我正在使用python＆amp; django，这是值得的。

Answer 1

为了匹配所有允许的字段，以下相当可怕的正则表达式工作：

@((?:cat|mouse|dog|puppy)\b|\((?:(?:cat|mouse|dog|puppy)(?:, *|(?=\))))+\))

按顺序返回这些匹配：@cat，@(cat)，@(cat, dog)，@cat，@dog，@(cat, dog)，{{1 }}

正则表达式分解如下：

@                               # the literal character "@"
(                               # match group 1
  (?:cat|mouse|dog|puppy)       #  one of your valid search terms (not captured)
  \b                            #  a word boundary
  |                             #  or...
  \(                            #  a literal opening paren
  (?:                           #  non-capturing group
    (?:cat|mouse|dog|puppy)     #   one of your valid search terms (not captured)
    (?:                         #   non-capturing group
      , *                       #    a comma "," plus any number of spaces
      |                         #    or...
      (?=\))                    #    a position followed by a closing paren
    )                           #   end non-capture group
  )+                            #  end non-capture group, repeat
  \)                            #  a literal closing paren
)                               # end match group one.

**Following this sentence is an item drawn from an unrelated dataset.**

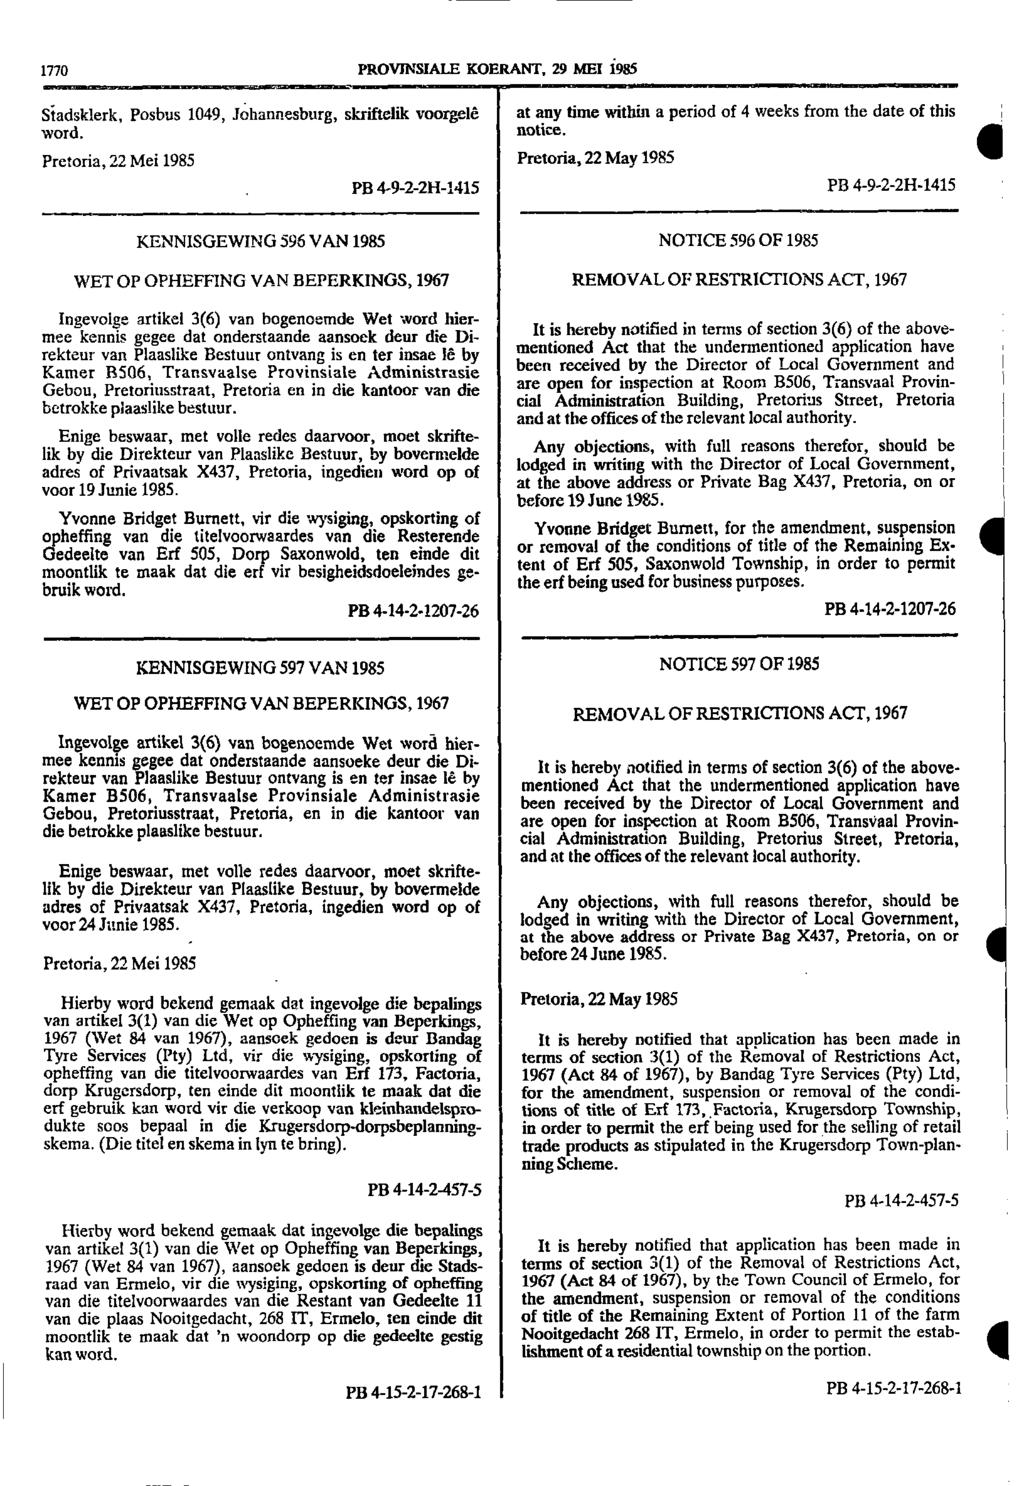 i 1770 PROVJNSALE KOERANT, 29 ME 1985 Stadsklerk, Posbus 1049, Johannesburg, skriftelik voorgele word at any time within a period of 4 weeks from the date of this notice Pretoria, 22 Mei 1985

现在要识别任何无效的搜索，您可以将所有内容包装在负面预测中：

@(?!(?:cat|mouse|dog|puppy)\b|\((?:(?:cat|mouse|dog|puppy)(?:, *|(?=\))))+\))
--^^

这将识别任何@mouse字符，之后会尝试无效的搜索字词（或术语组合）。修改它以便它匹配无效的尝试而不是仅仅指向它不再那么难。

您必须动态地从您的字段准备@并将其插入正则表达式的静态其余部分。也不应该太难。

Answer 2

此pyparsing解决方案遵循与您发布的答案类似的逻辑路径。匹配所有标记，然后根据已知有效标记列表进行检查，将其从报告的结果中删除。只有那些在删除有效值后遗留值的匹配才会被报告为匹配。

from pyparsing import *

# define the pattern of a tag, setting internal results names for easy validation
AT,LPAR,RPAR = map(Suppress,"@()")
term = Word(alphas,alphanums).setResultsName("terms",listAllMatches=True)
sphxTerm = AT + ~White() + ( term | LPAR + delimitedList(term) + RPAR )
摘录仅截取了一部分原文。